(Supplied records)
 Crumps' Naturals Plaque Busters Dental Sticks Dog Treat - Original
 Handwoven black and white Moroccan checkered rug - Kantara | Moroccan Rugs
(End Supplied records)
(Supplied records)
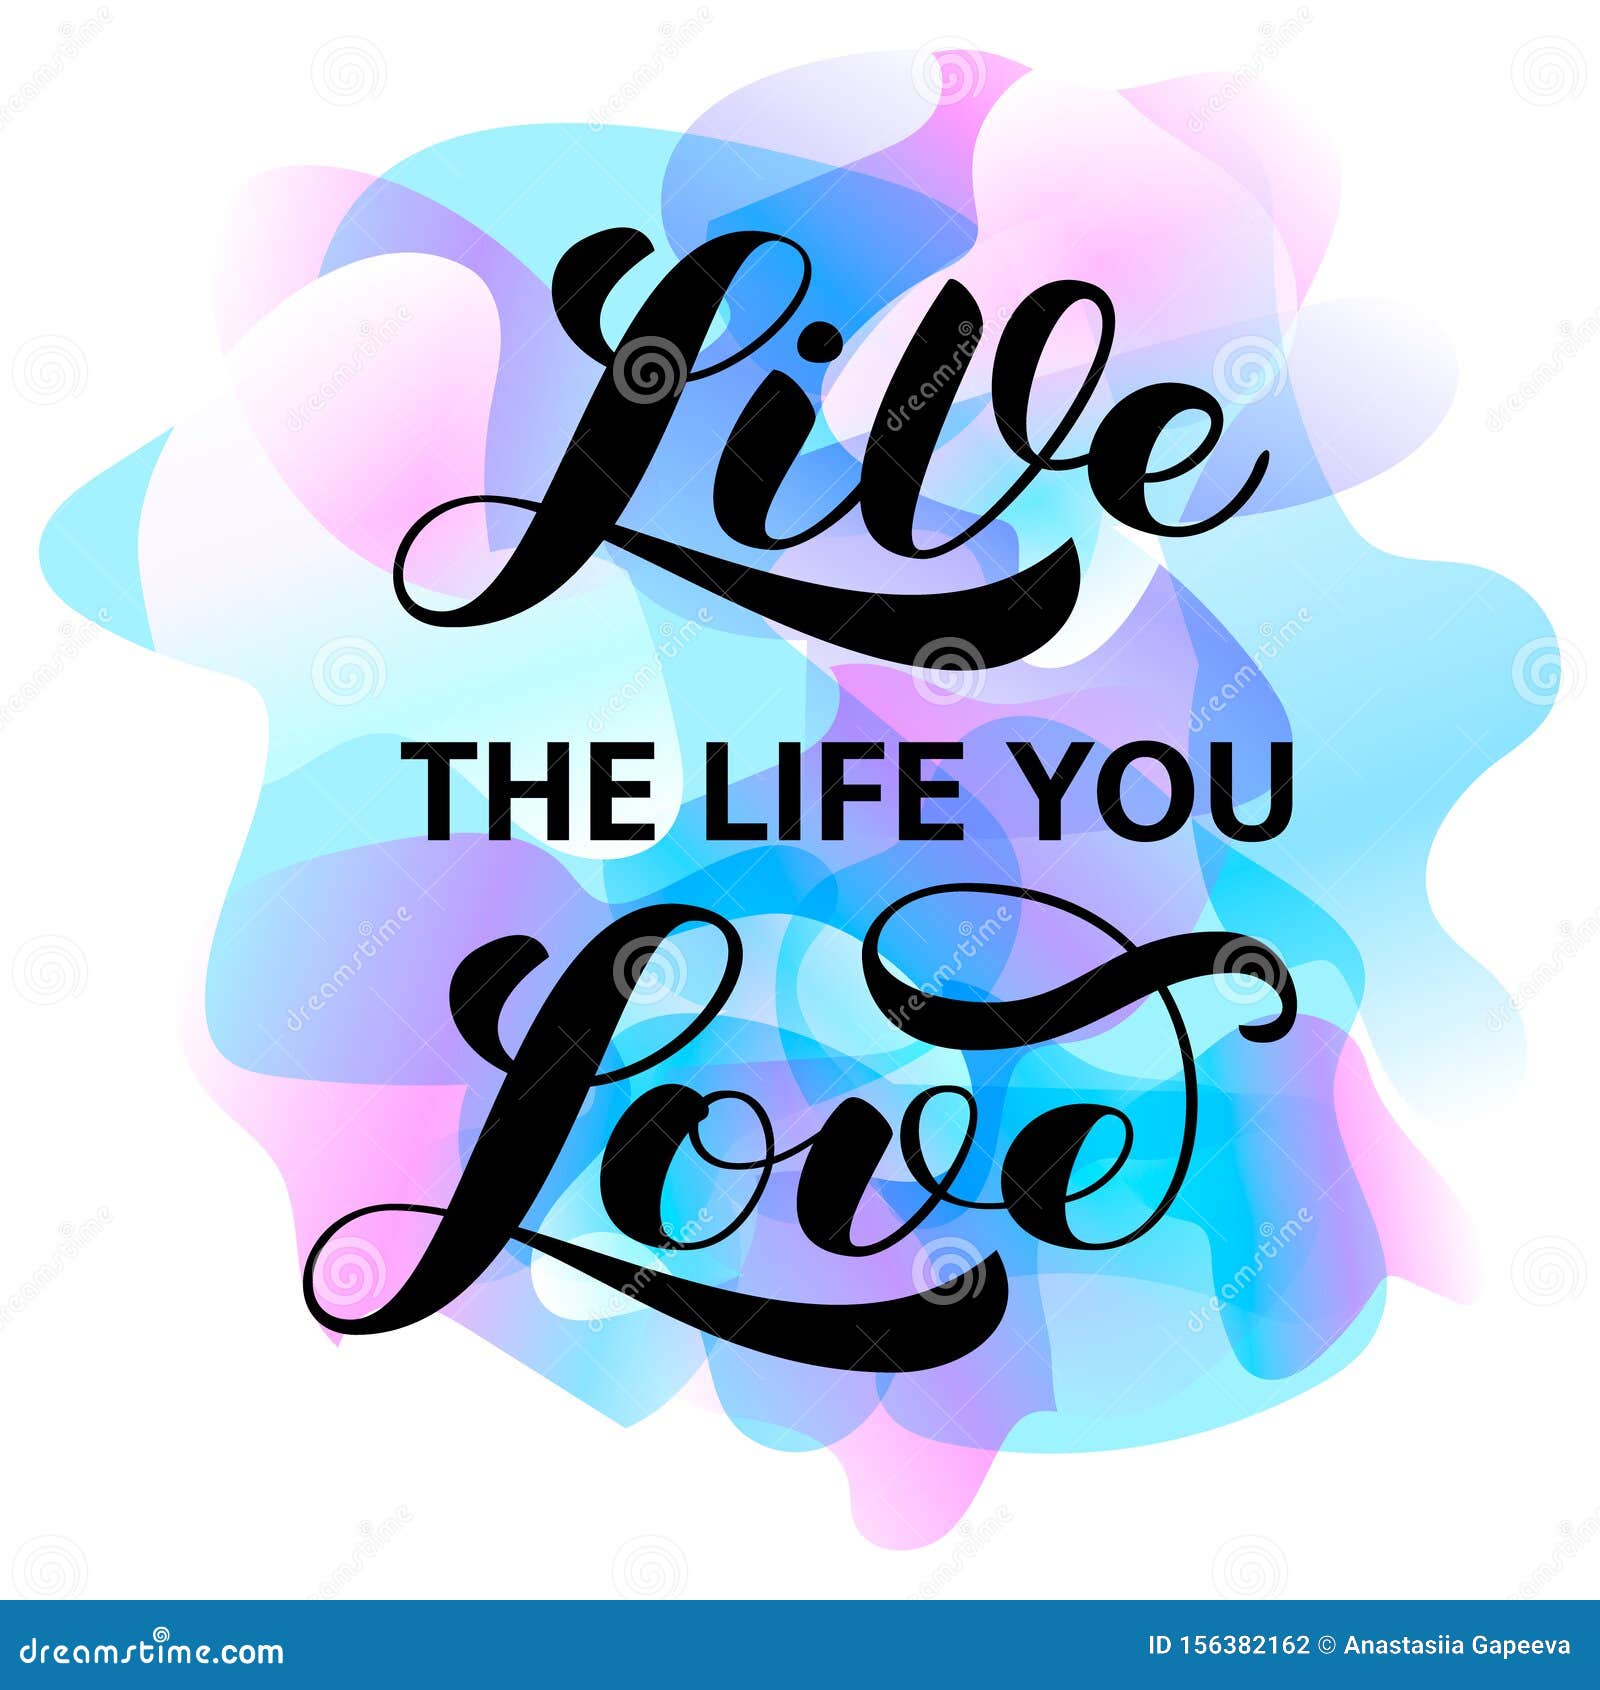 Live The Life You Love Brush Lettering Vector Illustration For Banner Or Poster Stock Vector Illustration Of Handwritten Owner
(End Supplied records)
(Supplied records)
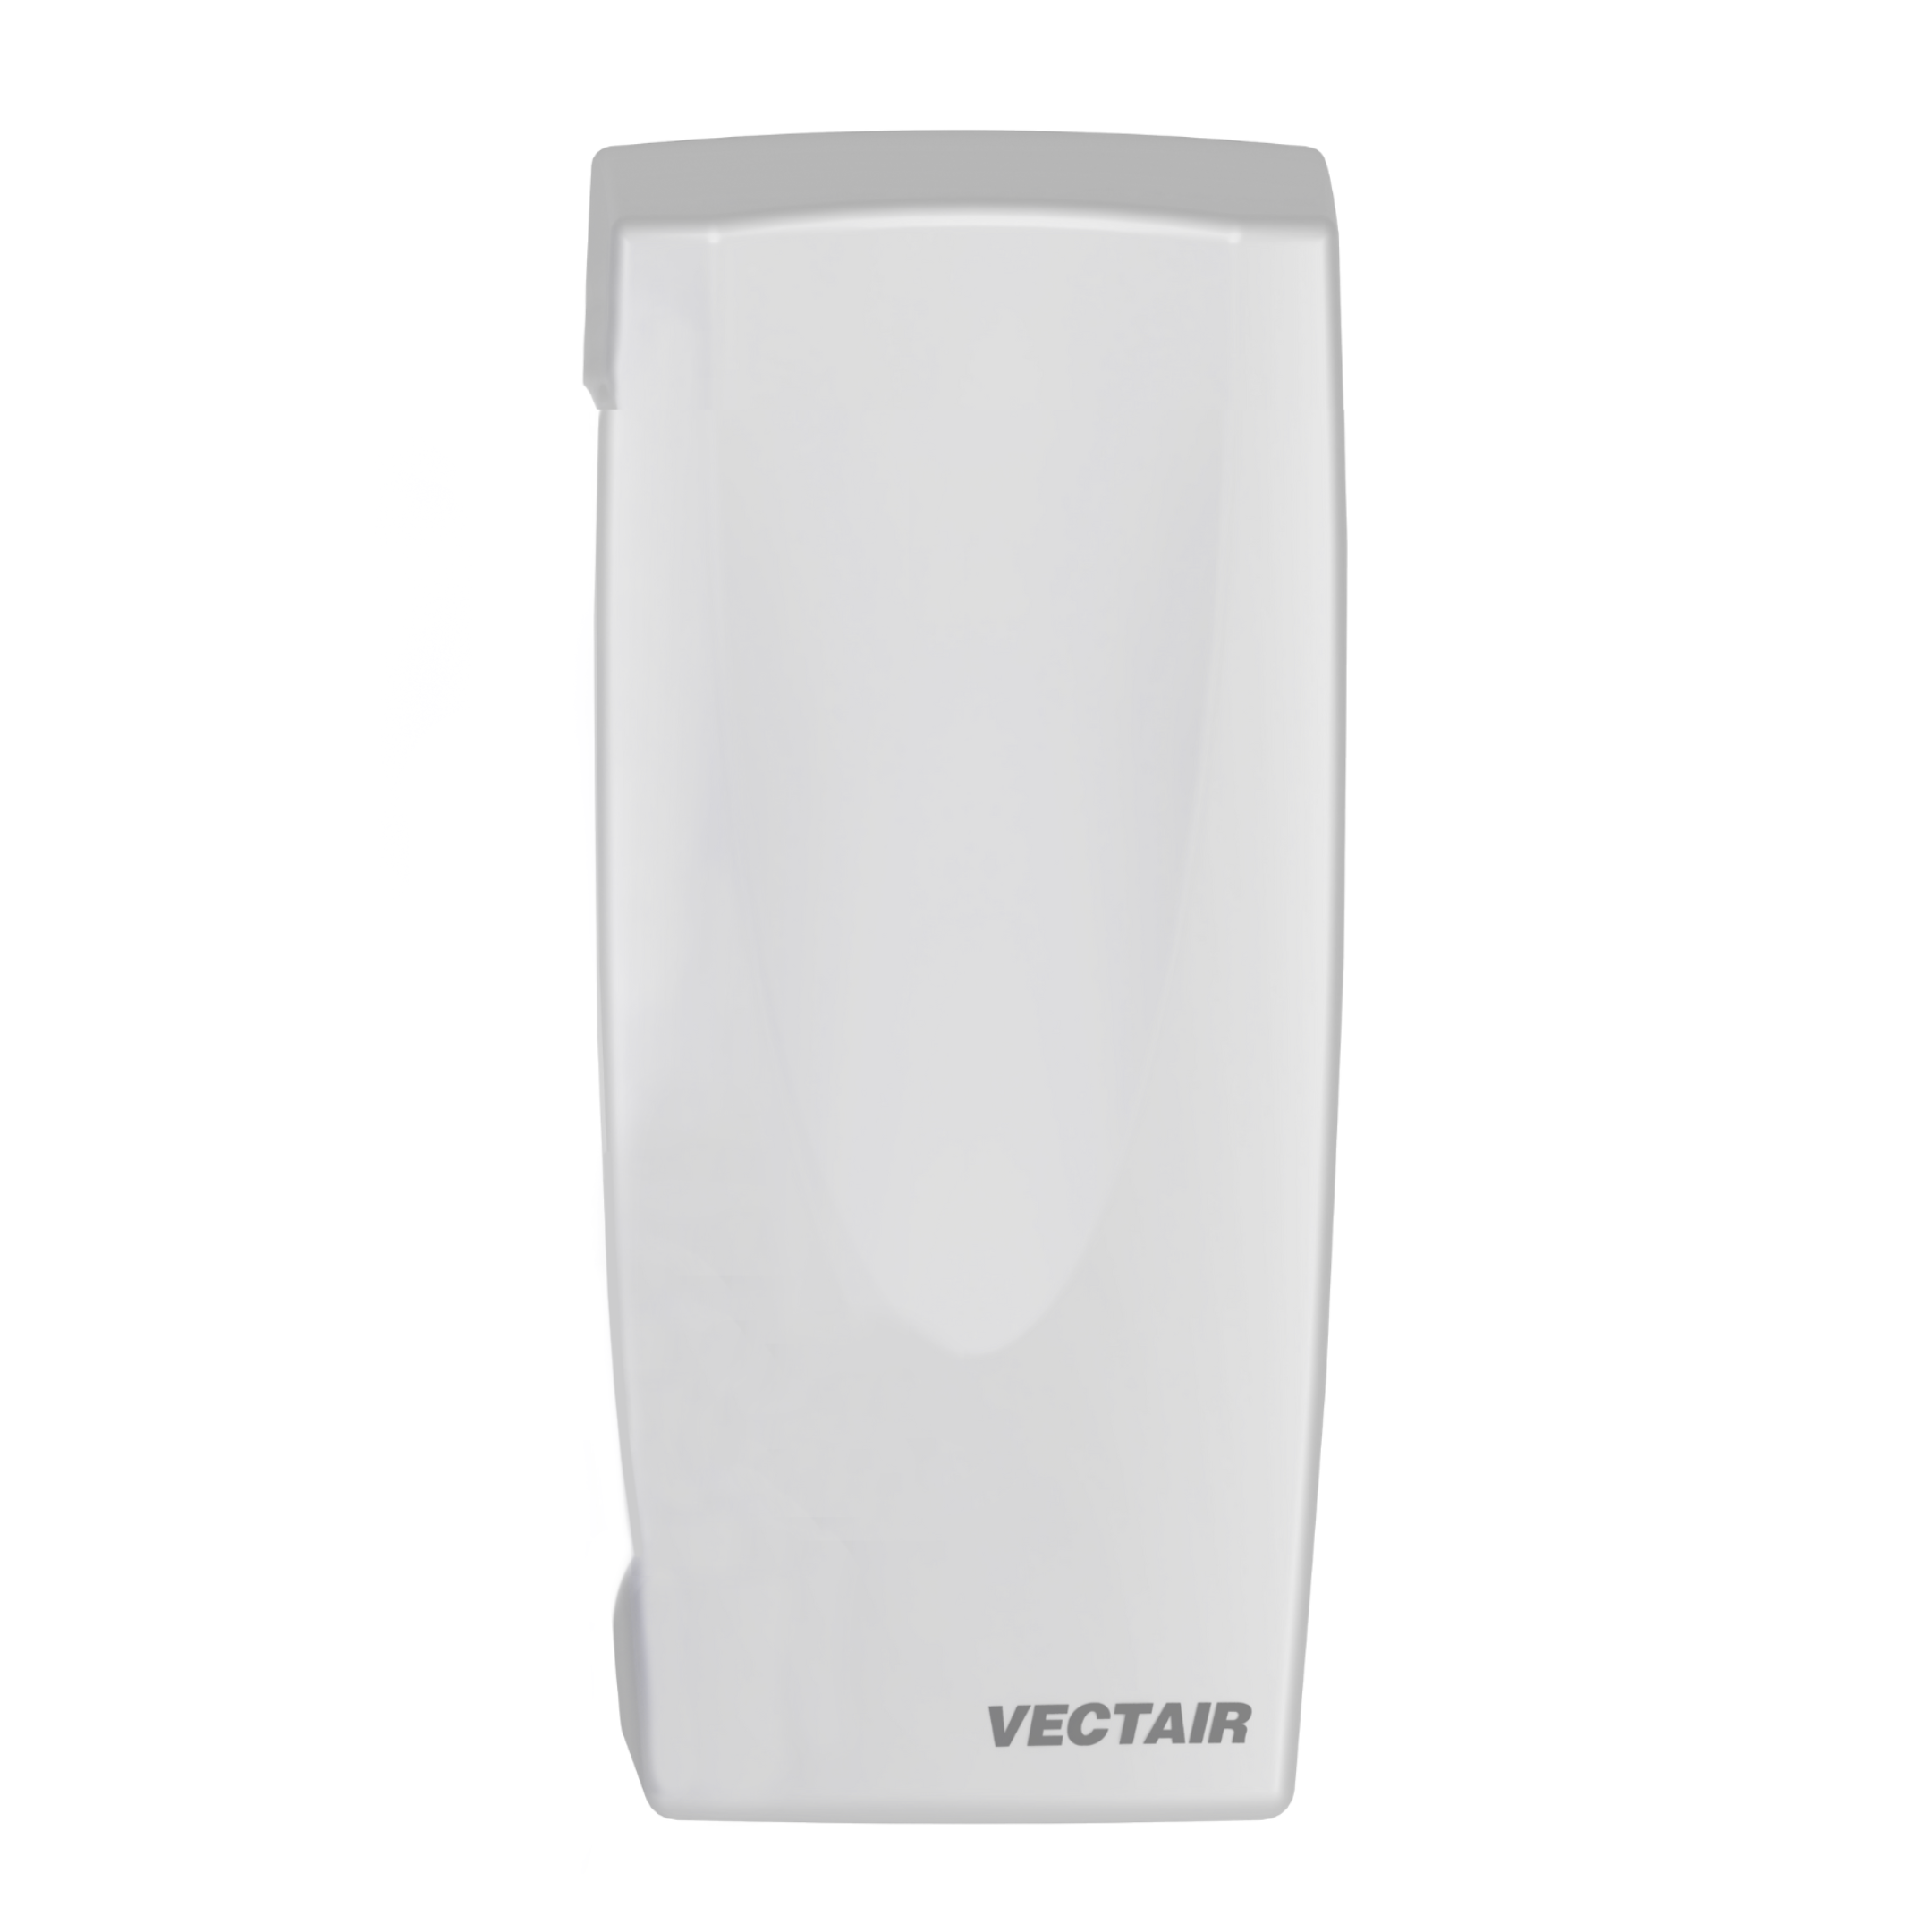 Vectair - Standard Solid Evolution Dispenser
(End Supplied records)
Above are the records. Copy the lines beginning at the one that has "Crumps' Naturals Plaque" and ending with the one that has "Handwoven black and", unchanged.

 Crumps' Naturals Plaque Busters Dental Sticks Dog Treat - Original
 Handwoven black and white Moroccan checkered rug - Kantara | Moroccan Rugs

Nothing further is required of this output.